C’était impensable, comme de forcer le soleil à tourner autour de la Terre.
— Tu es folle… Elle ne fera jamais…
— C’est ton choix, Igor, — l’interrompit-elle, sans le laisser finir.
Ses yeux s’ancrèrent dans les siens, et il se sentit nu et sans défense.
— Soit tu le fais, et on essaie de sauver ce qui nous reste.
Soit, si dans deux minutes tu n’as pas bougé, j’y vais moi-même.
Et crois-moi, après ça, il n’y aura plus rien à sauver.
Je finirai ce que j’ai commencé.
Et je me ficherai complètement des conséquences.
Un frisson glacé l’envahit.
Il regarda la porte entrouverte du salon, d’où venait un brouhaha étouffé de voix, de tintements de verres et de rires forcés.
Là-bas était sa vie habituelle, sa mère, son monde.
Et ici, dans ce couloir étroit qui sentait la naphtaline, se tenait sa femme, lui proposant de faire exploser ce monde jusque dans ses fondations.

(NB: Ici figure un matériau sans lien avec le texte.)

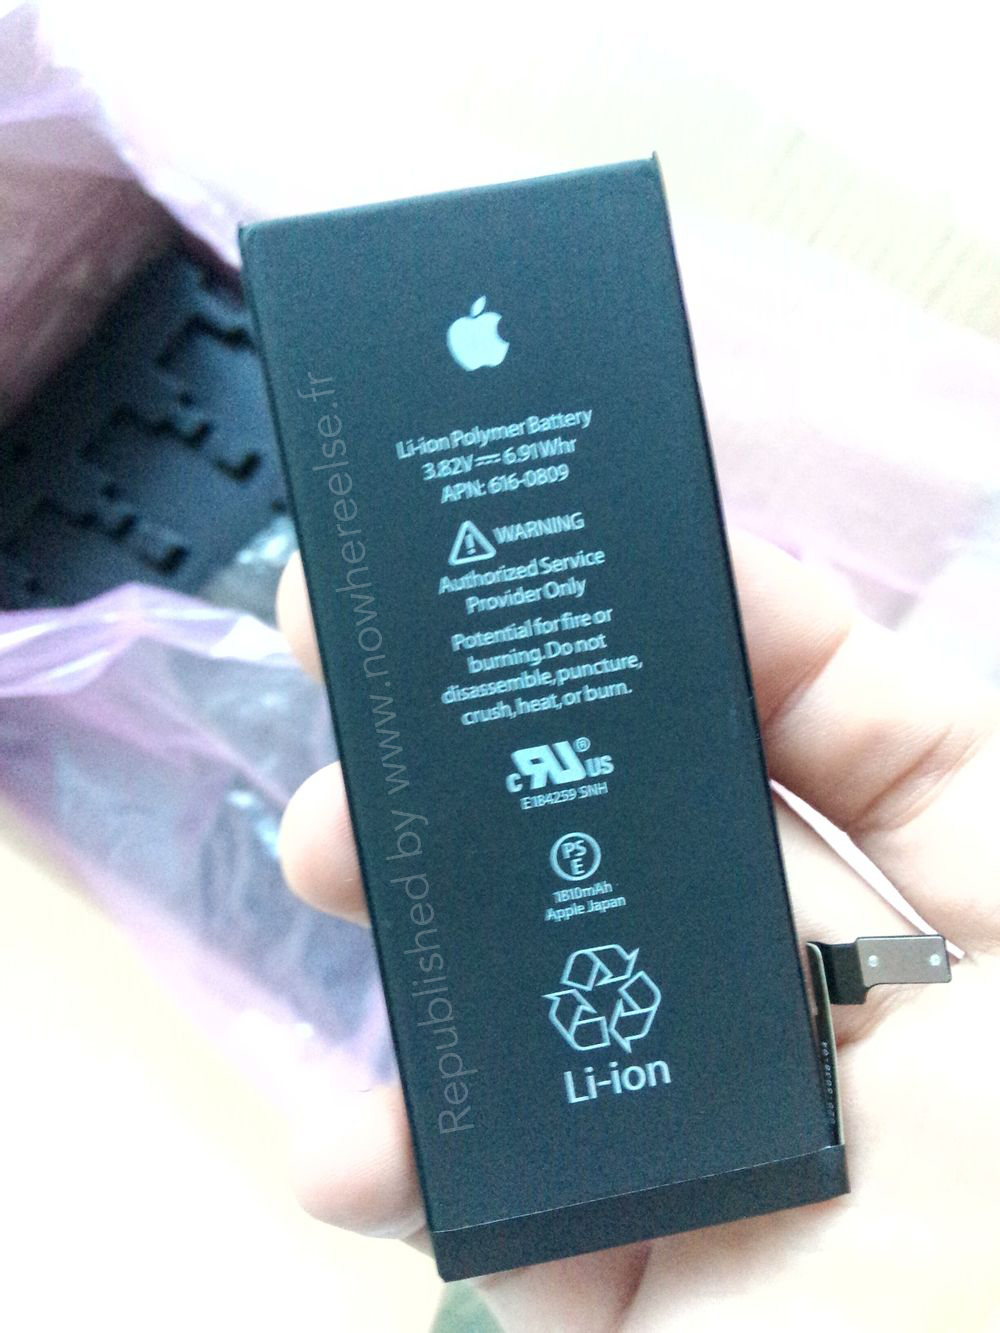 More Photos of Purported 1810 mAh Battery for 4.7-inch iPhone 6 Surface

Sa volonté, forgée par des années d’obéissance à sa mère, flanchait.
Il ne pouvait pas.
Il ne pouvait physiquement pas faire ce qu’elle lui demandait.
— Tu n’oseras pas, — souffla-t-il, dernière faible lueur d’espoir.
— C’est… c’est ma mère.
Et alors elle explosa.
Le calme tomba de son visage comme un masque, et sur lui s’abattit toute la fureur qu’elle avait accumulée pendant deux longues heures.
— Je m’en fiche que ce soit ta mère, Igor ! Elle a insulté mes parents, donc je me comporterai avec elle comme elle le mérite ! S’il le faut, je la frapperai aussi ! C’est clair ?!
— Mais…
— Choisis ! Tout de suite ! Soit tu vas la faire taire, soit je le fais ! Et après ça, tout sera fini entre nous ! Ici et maintenant !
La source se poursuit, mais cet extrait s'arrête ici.